- **Problem details**: Transcribe each record exactly. Omit the pictures.

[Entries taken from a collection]

....................

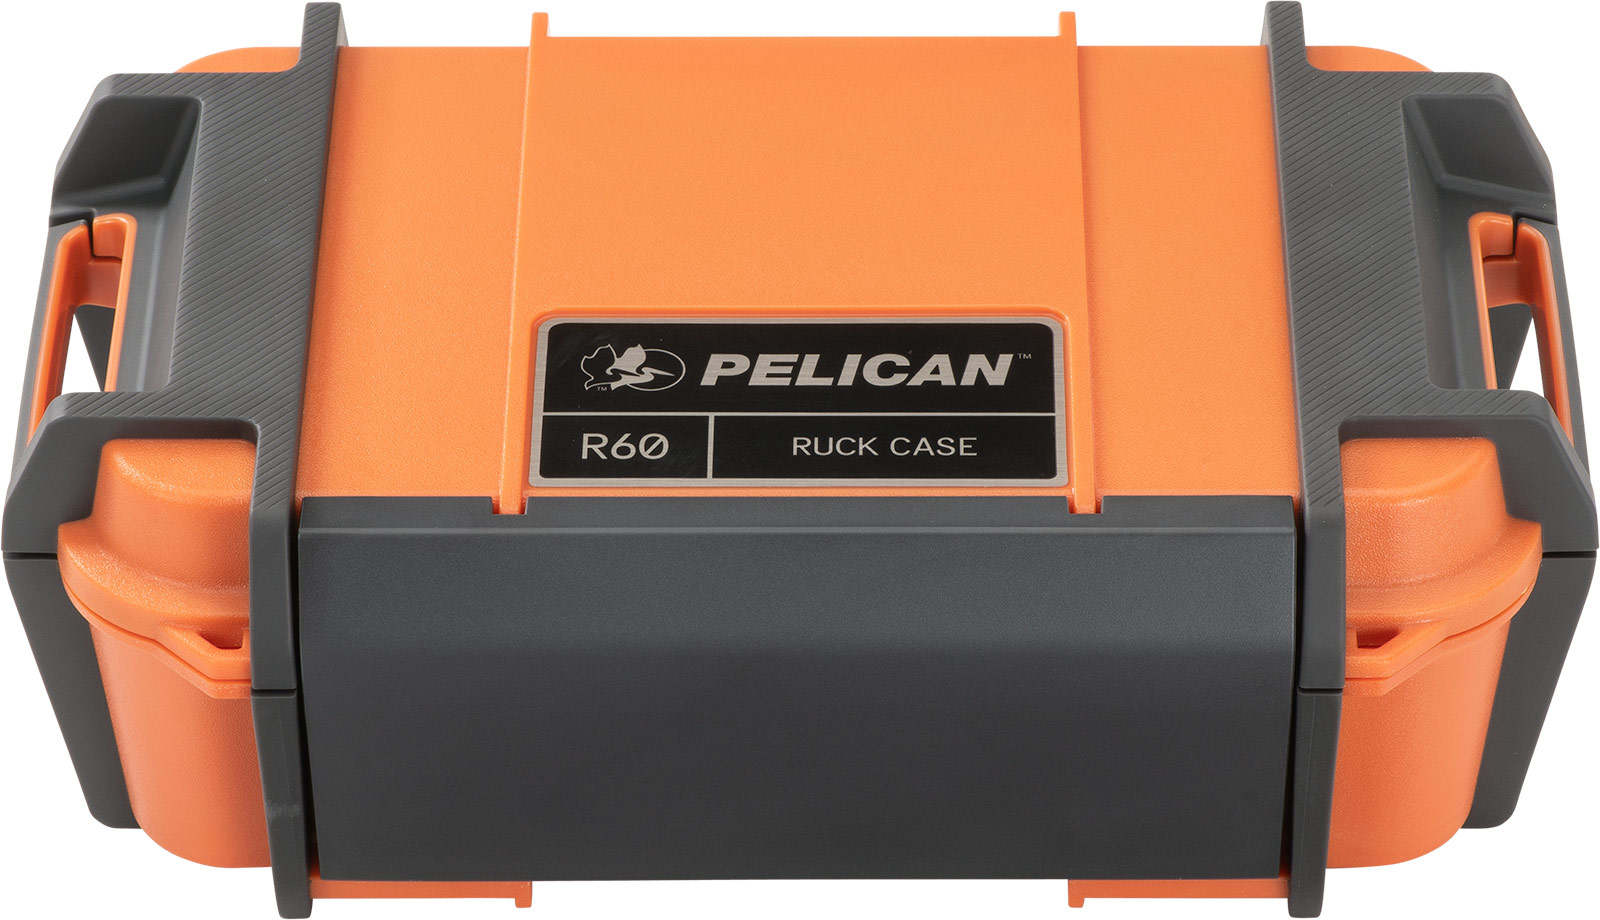 pelican ruck r60 organization hiking case
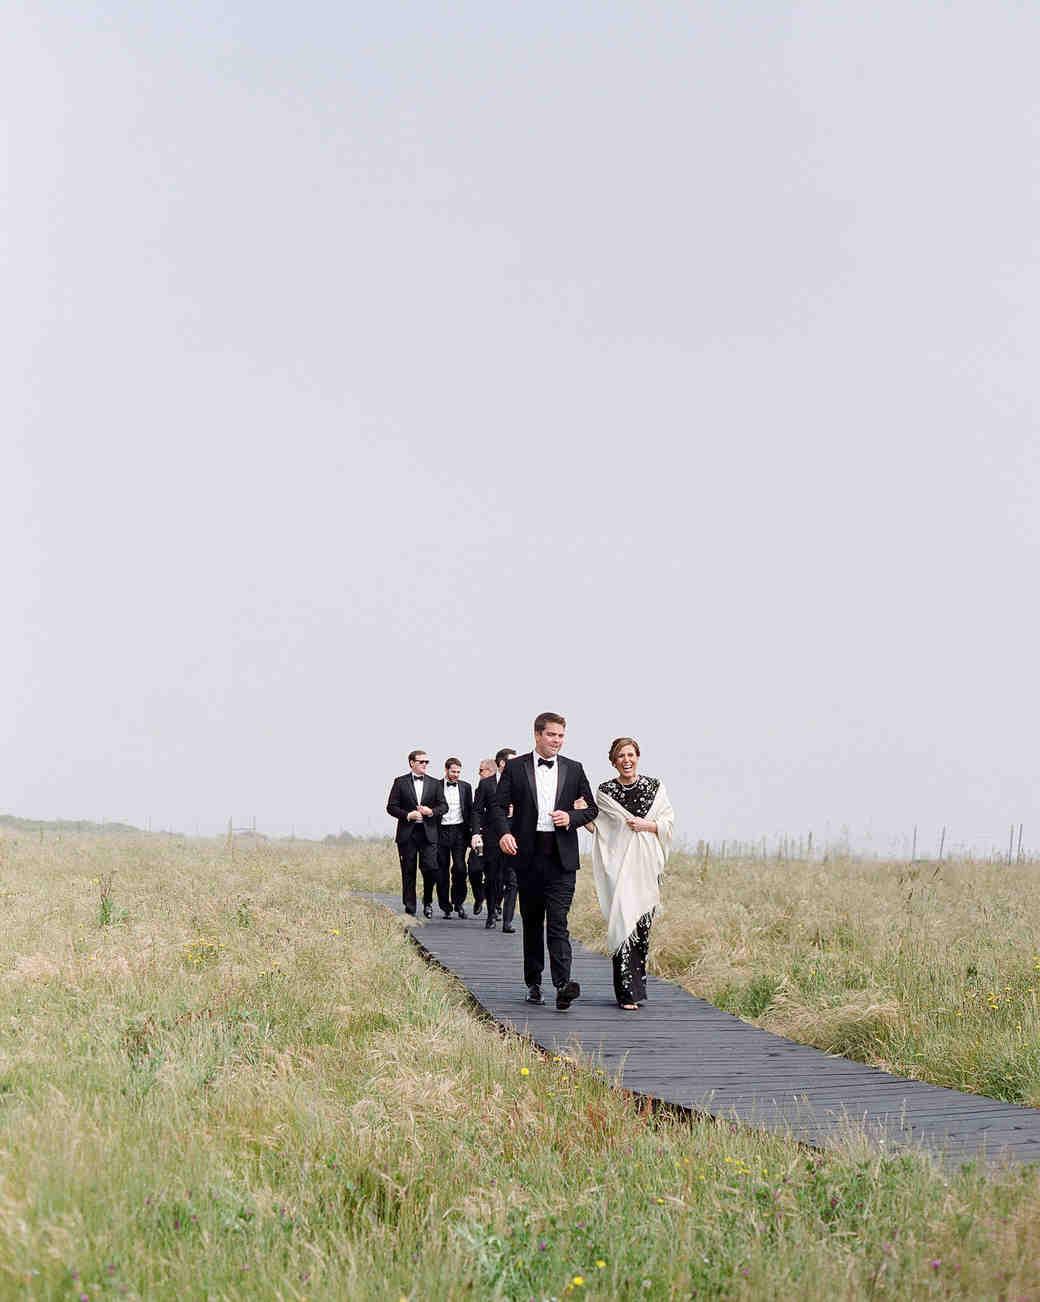 whitney zach wedding guests walking down wooden path in field
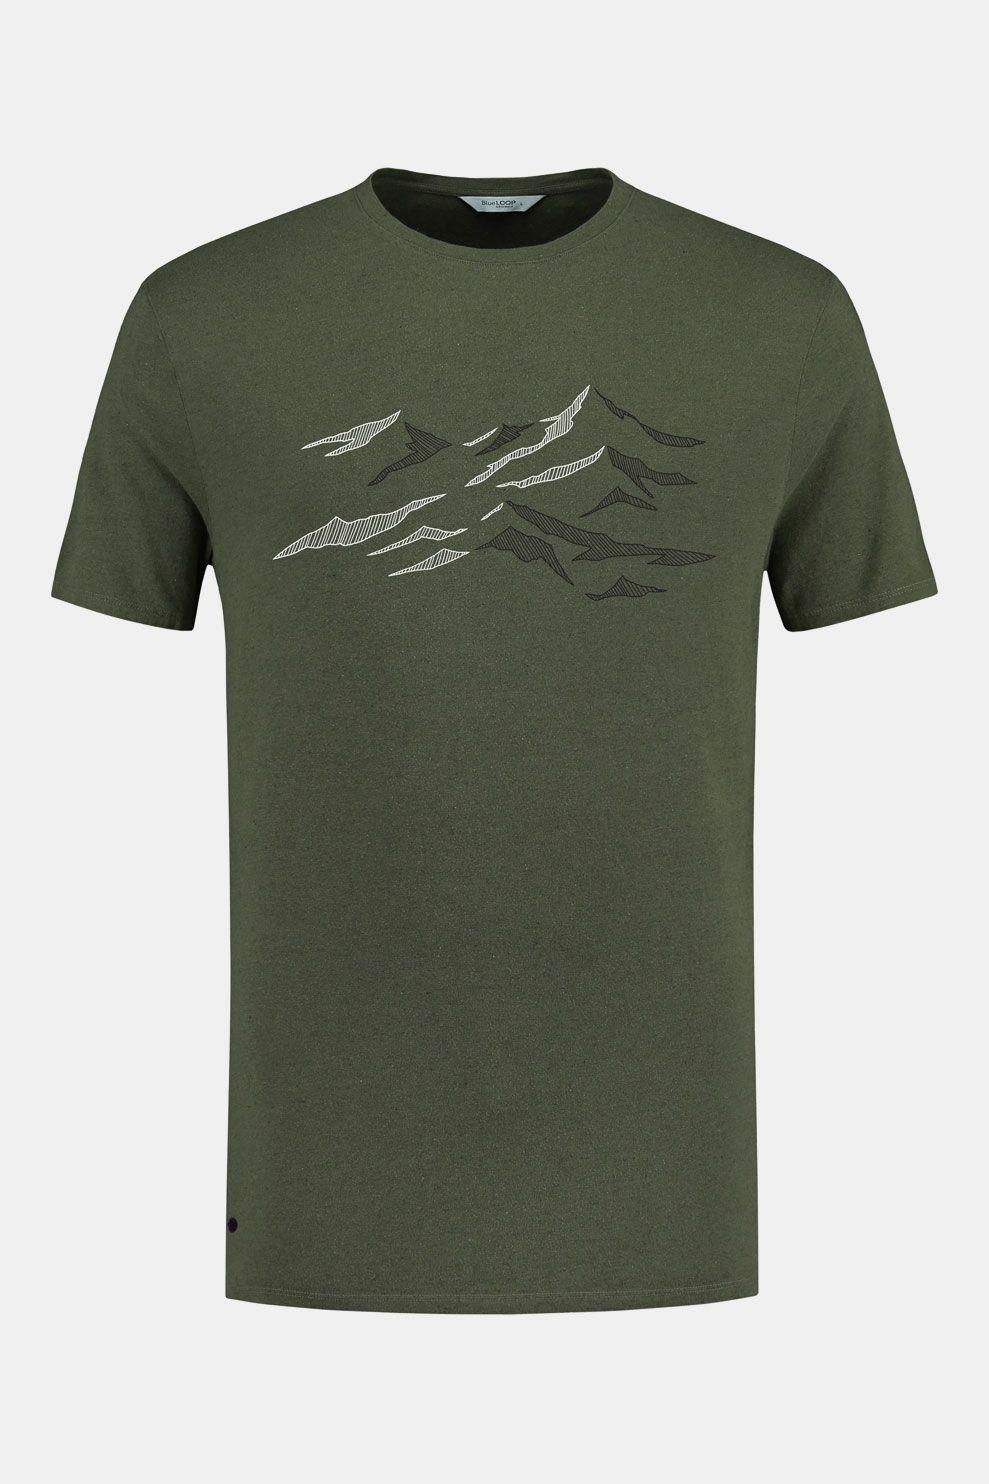 Blue Loop Originals Pure Slopes Shirt Donkergroen
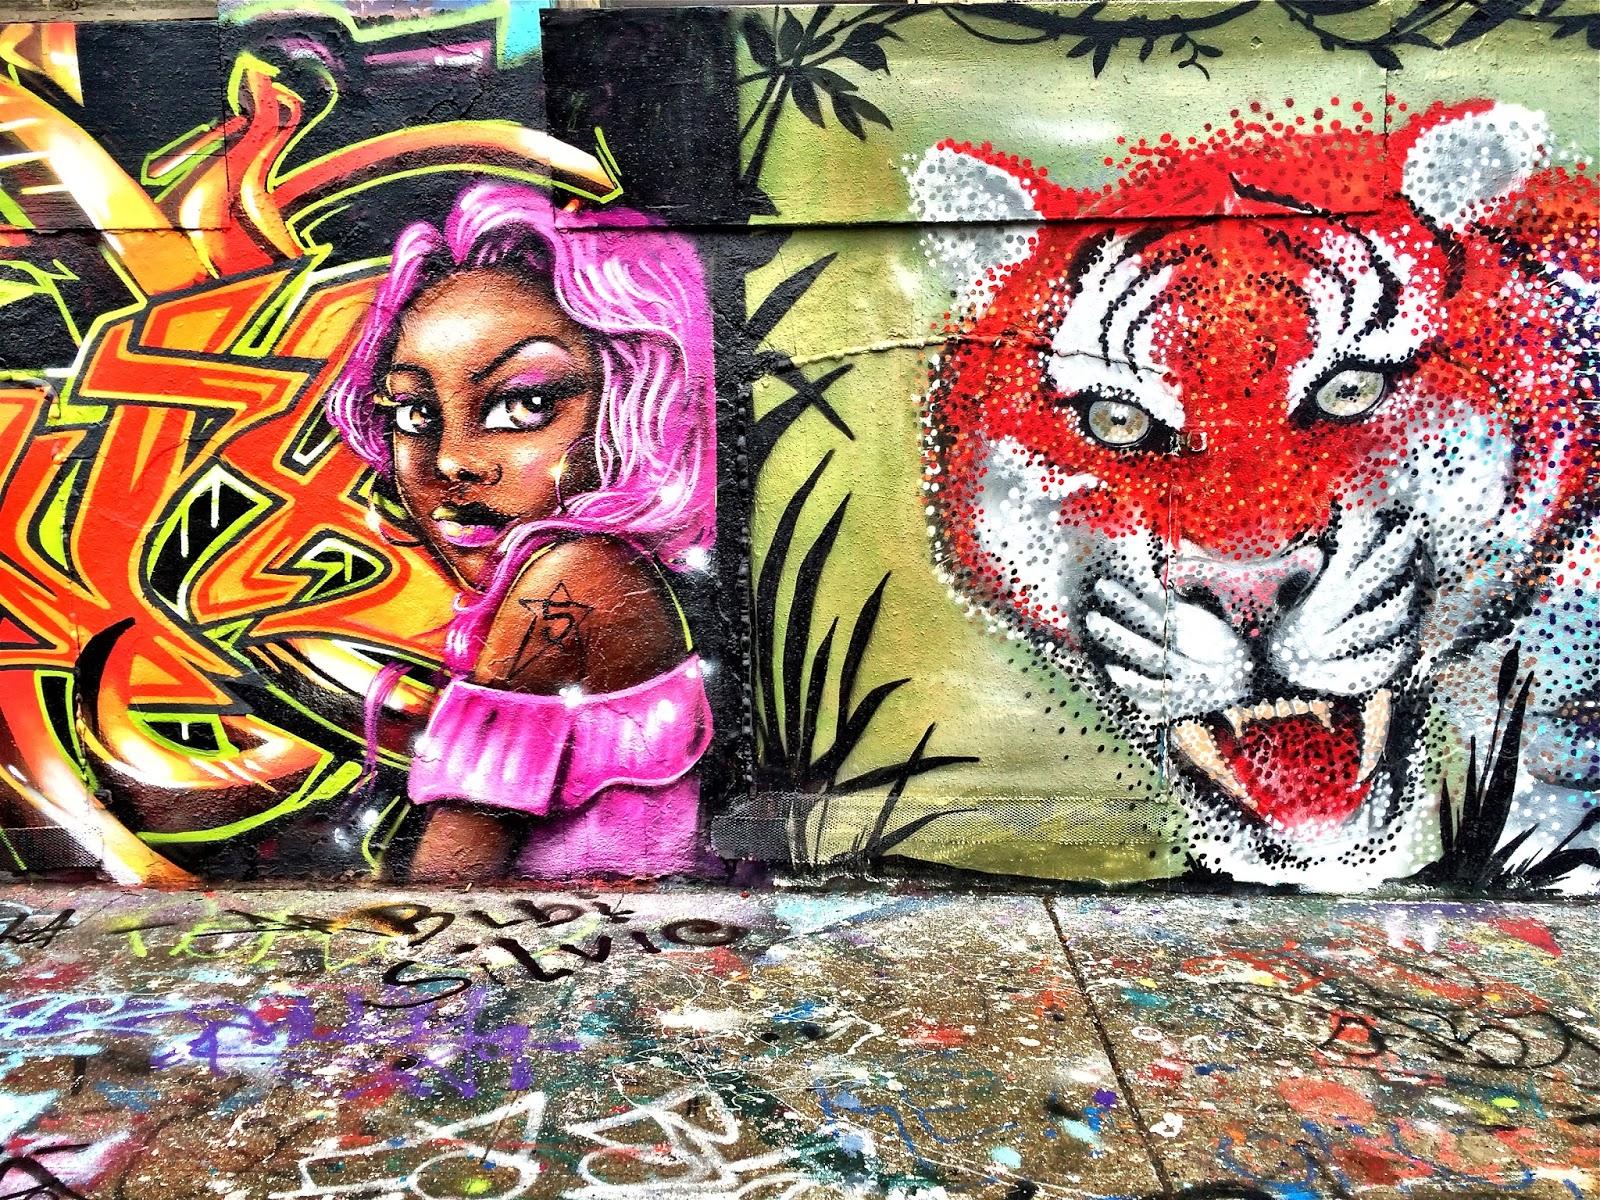 Long Island City Graffiti Mecca 5 POINTZ NYC The Day Before It Was Whitewashed
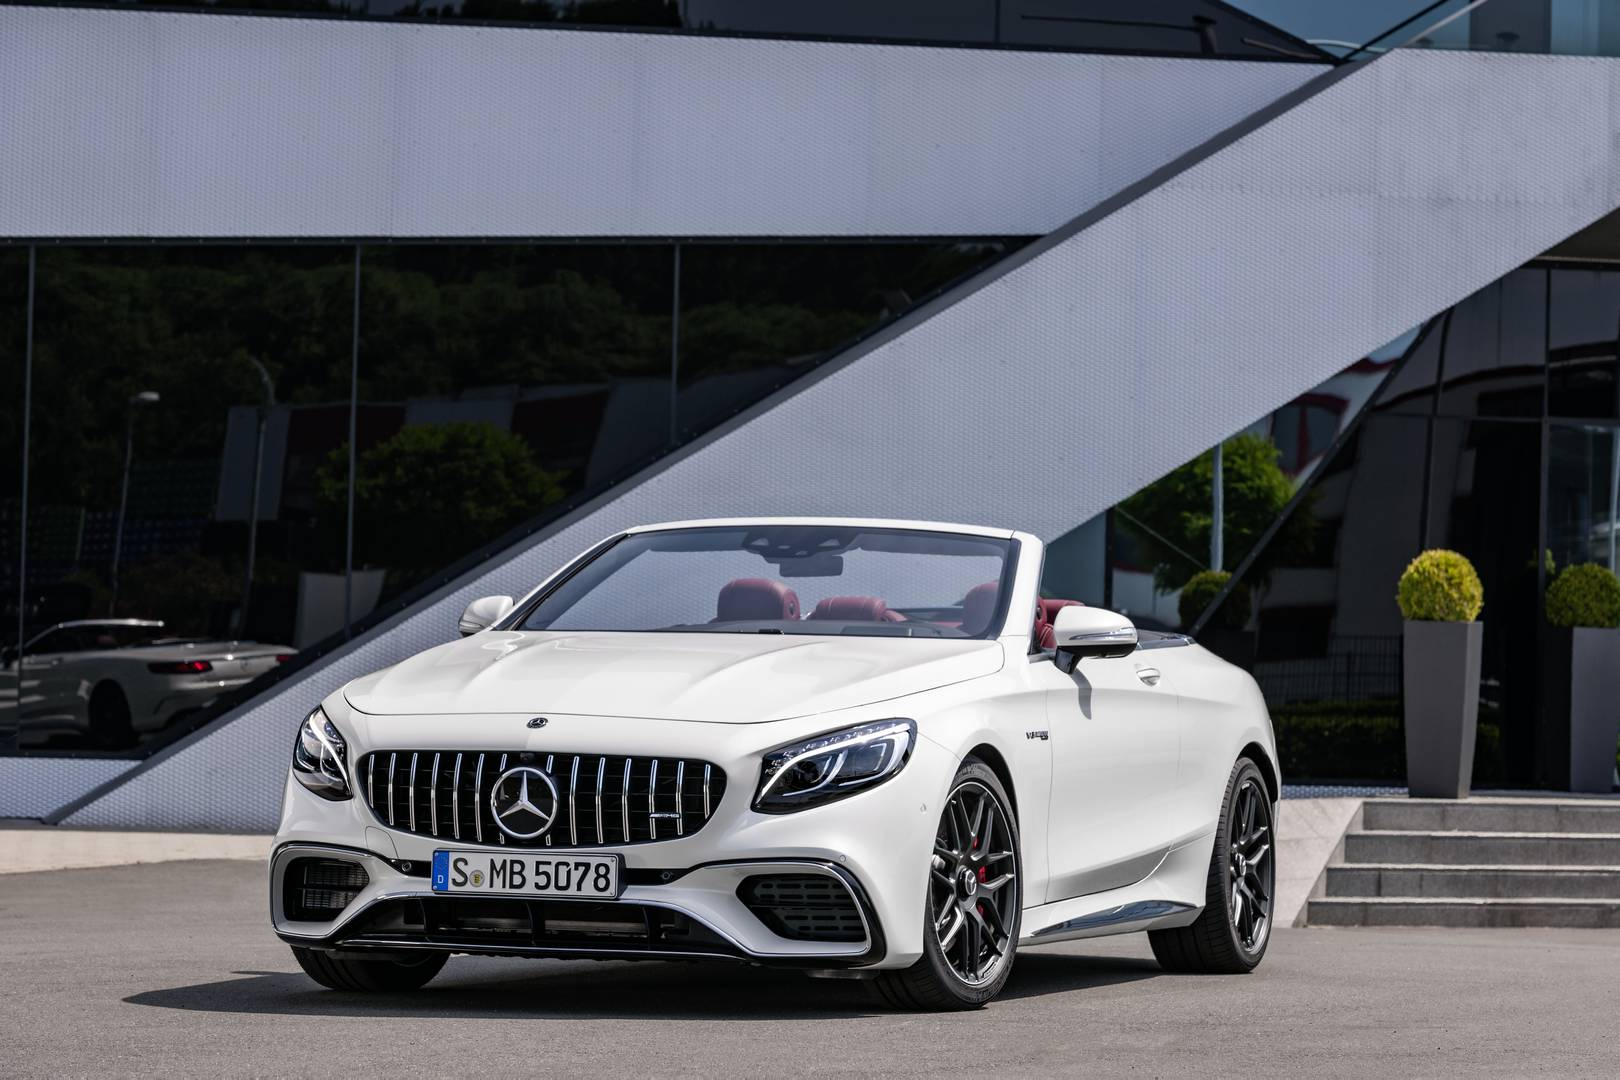 https://www.tuning-empire.com/wordpress/wp-content/uploads/Mercedes-AMG-S63-Cabriolet-4.jpg

....................

- **Response to this task**:
 pelican ruck r60 organization hiking case
 whitney zach wedding guests walking down wooden path in field
 Blue Loop Originals Pure Slopes Shirt Donkergroen
 Long Island City Graffiti Mecca 5 POINTZ NYC The Day Before It Was Whitewashed
 https://www.tuning-empire.com/wordpress/wp-content/uploads/Mercedes-AMG-S63-Cabriolet-4.jpg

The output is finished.